--- START ---
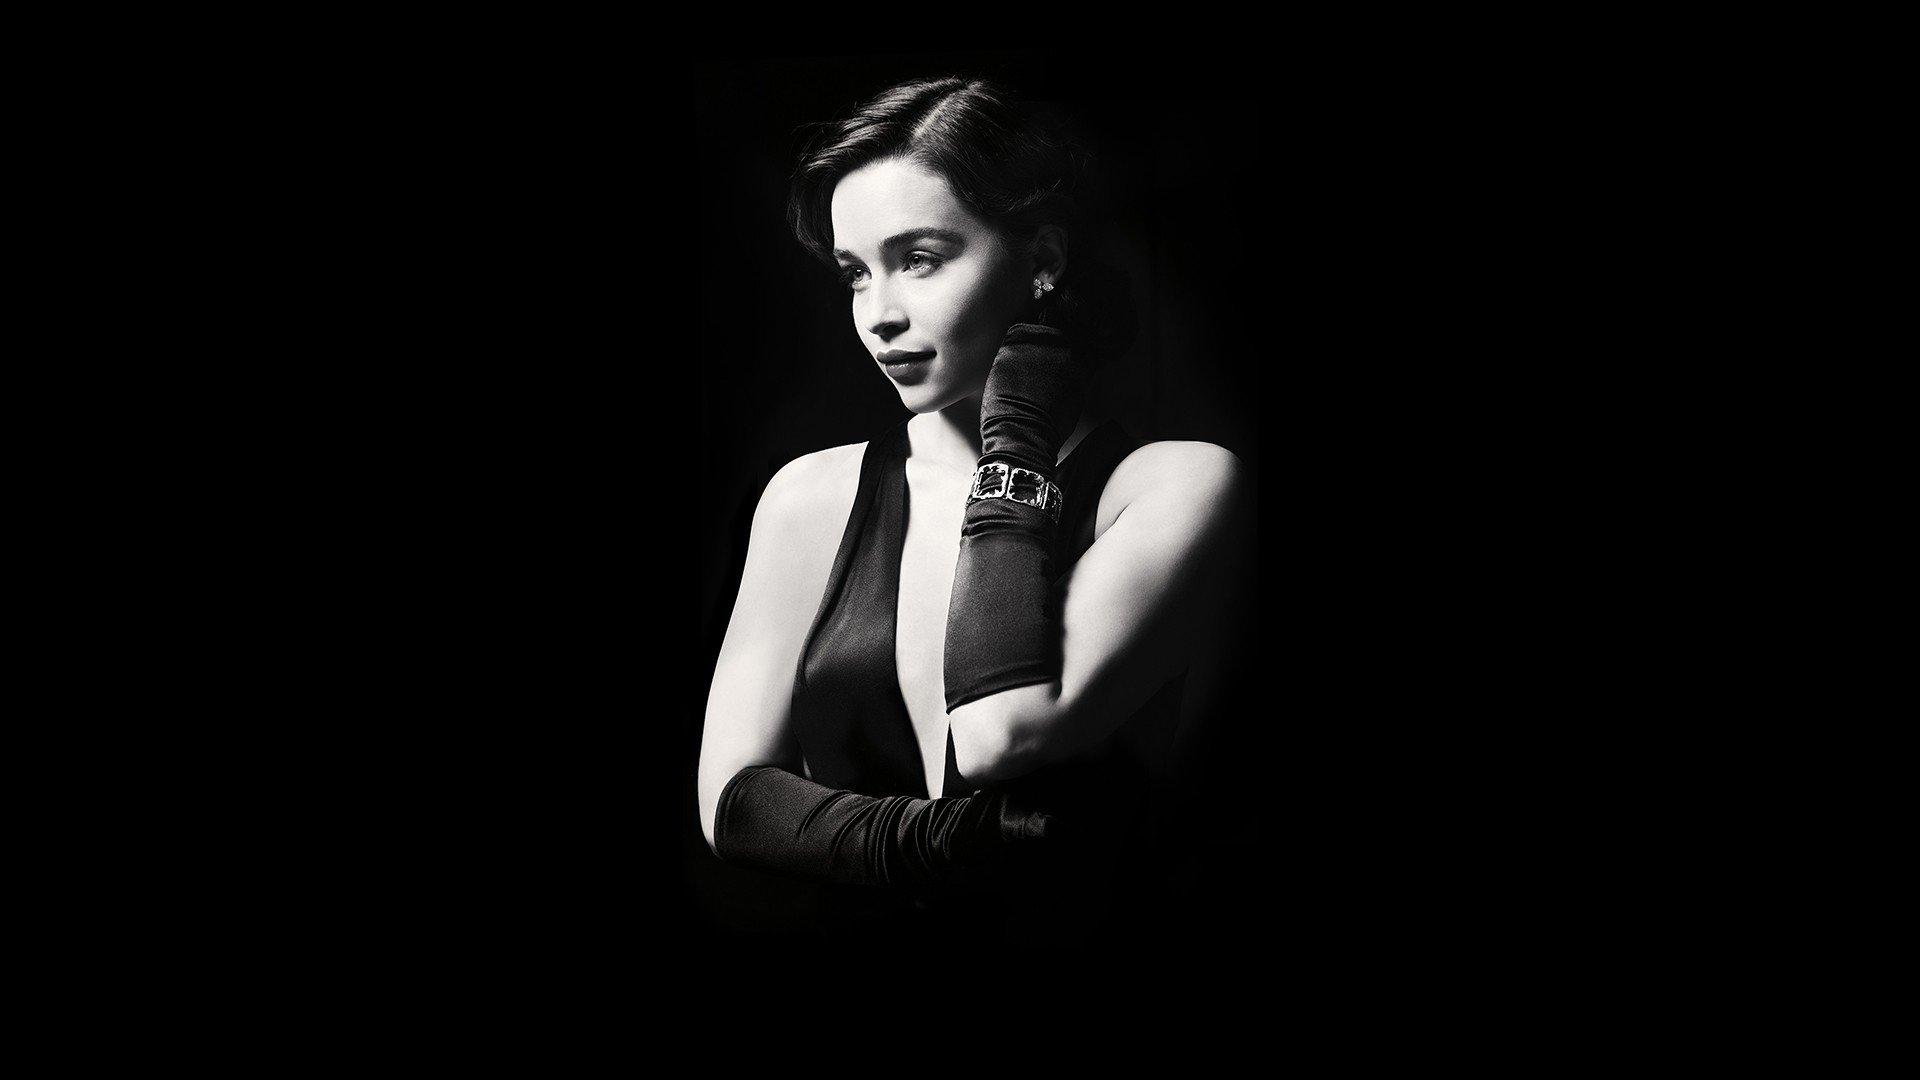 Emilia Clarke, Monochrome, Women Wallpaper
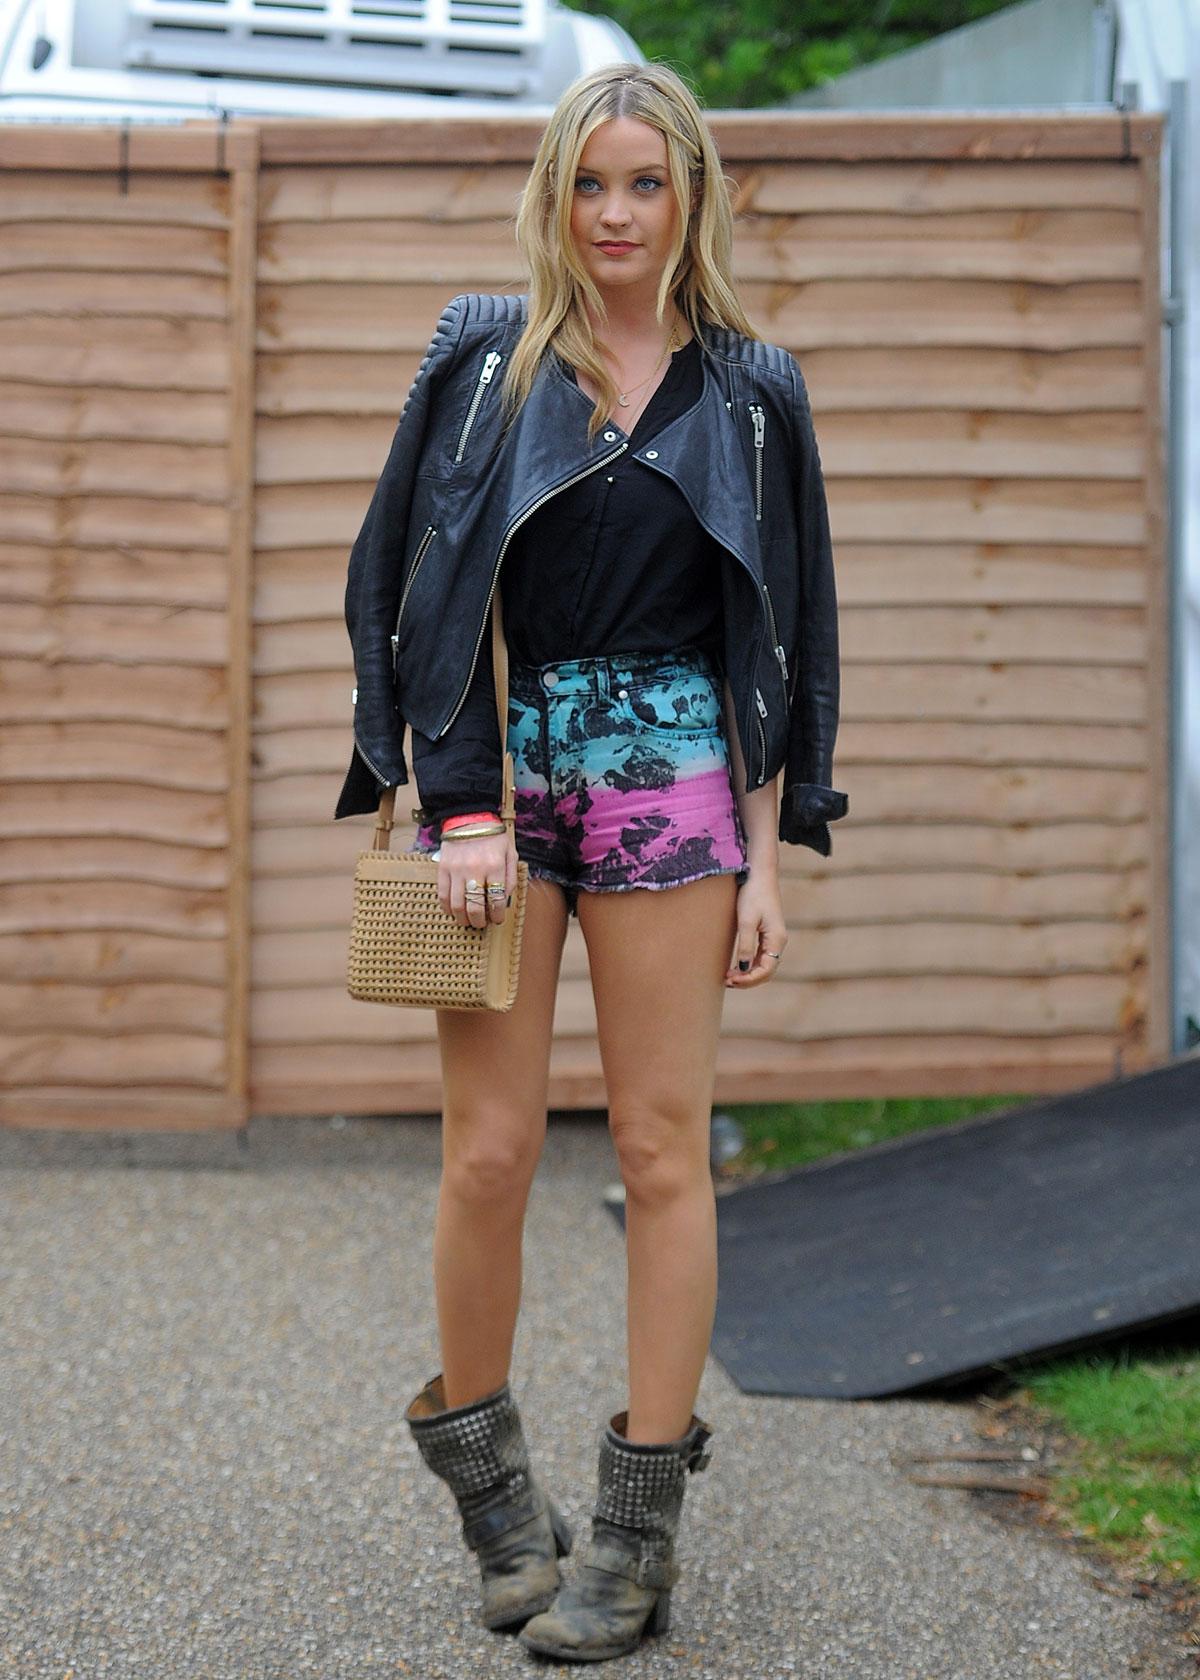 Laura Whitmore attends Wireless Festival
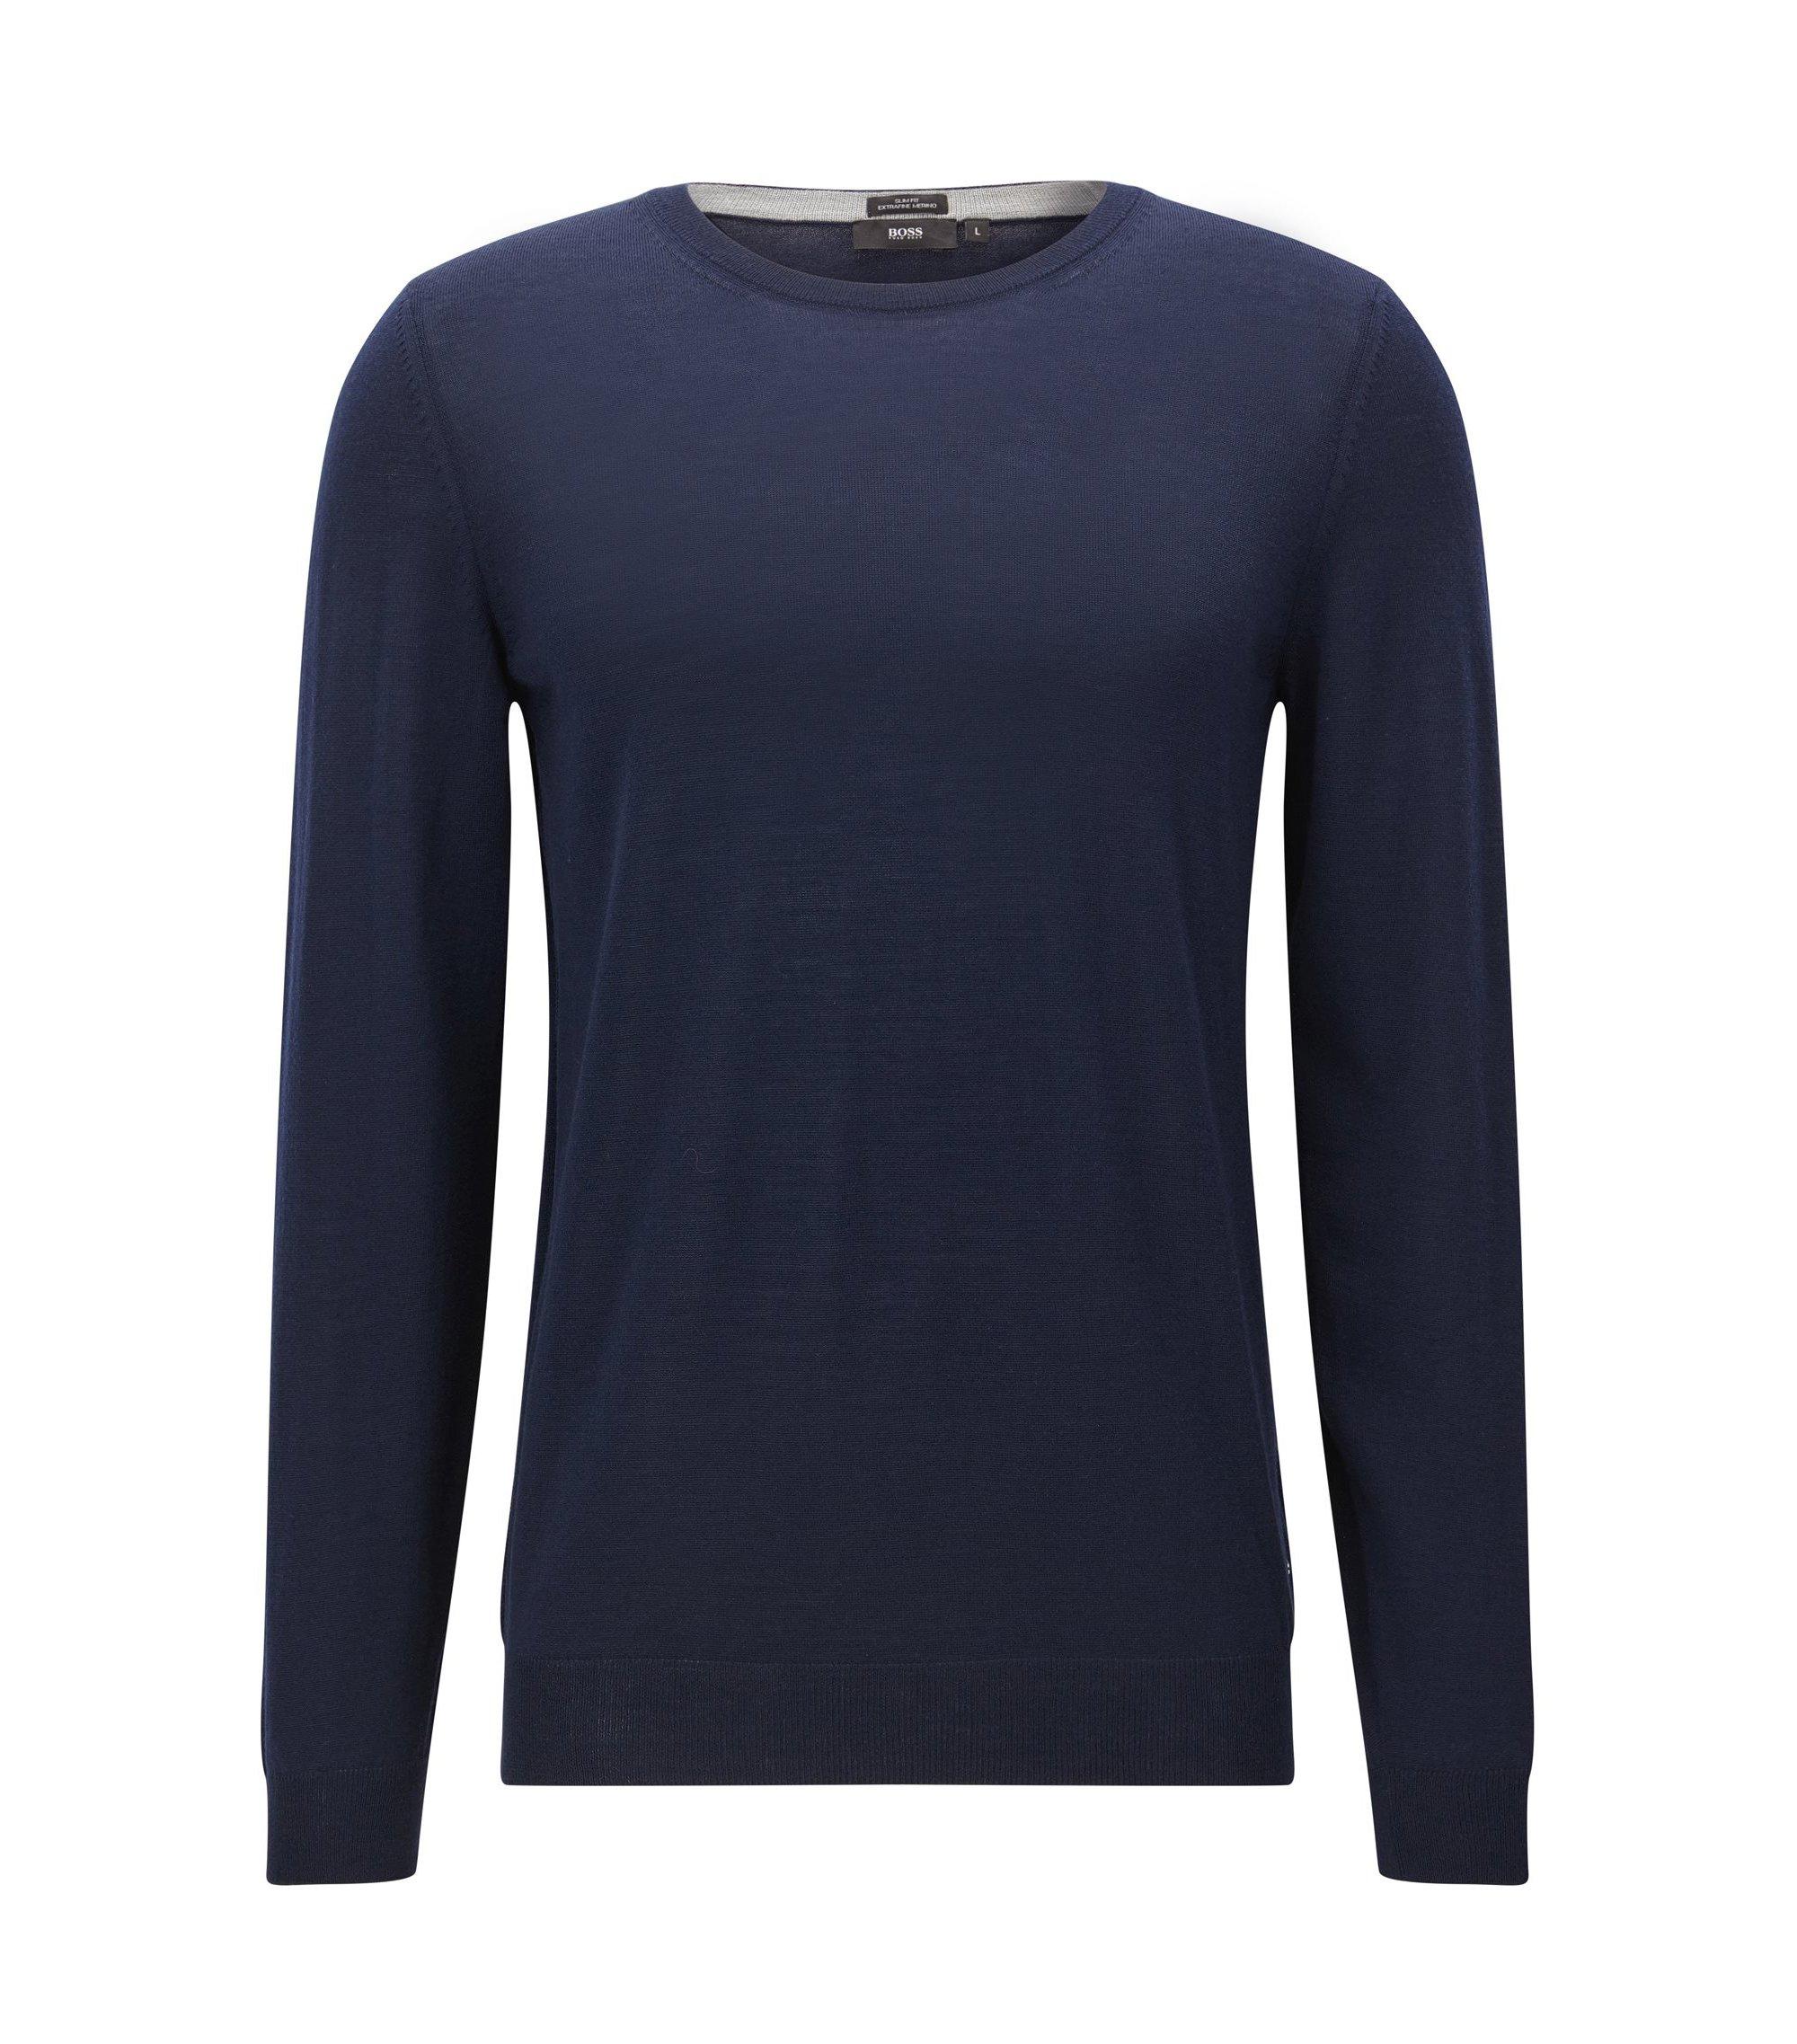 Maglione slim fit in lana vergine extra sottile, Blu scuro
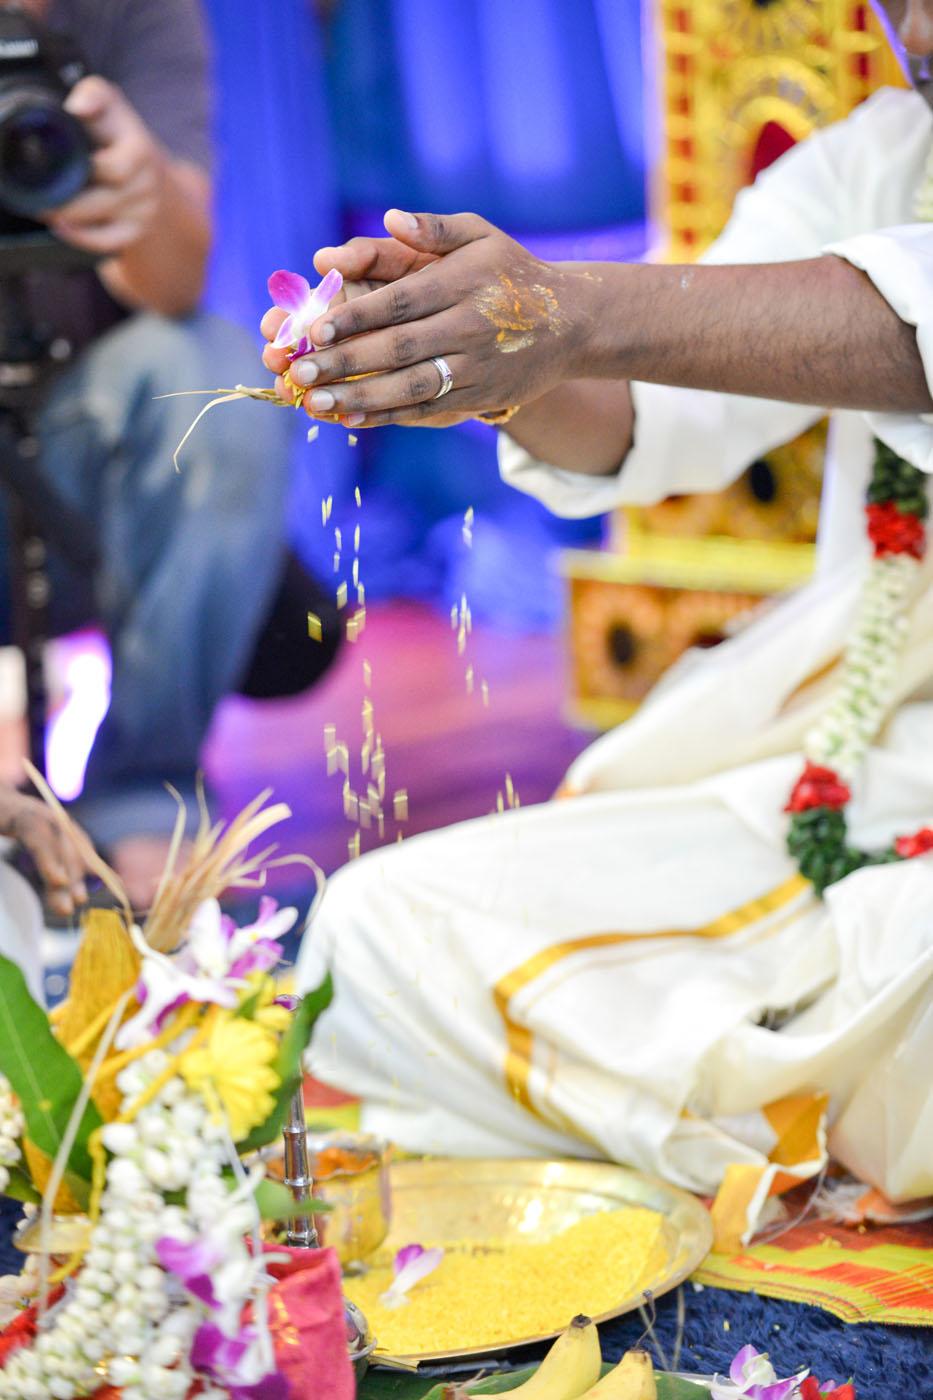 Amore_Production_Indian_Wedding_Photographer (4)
--- END ---
• **Exercise objective**: Leaving every picture out, write out exactly the lines from the one that holds "Maglione slim fit" through the end of the listing, both included.

• **Solution to the exercise**:
 Maglione slim fit in lana vergine extra sottile, Blu scuro
 Amore_Production_Indian_Wedding_Photographer (4)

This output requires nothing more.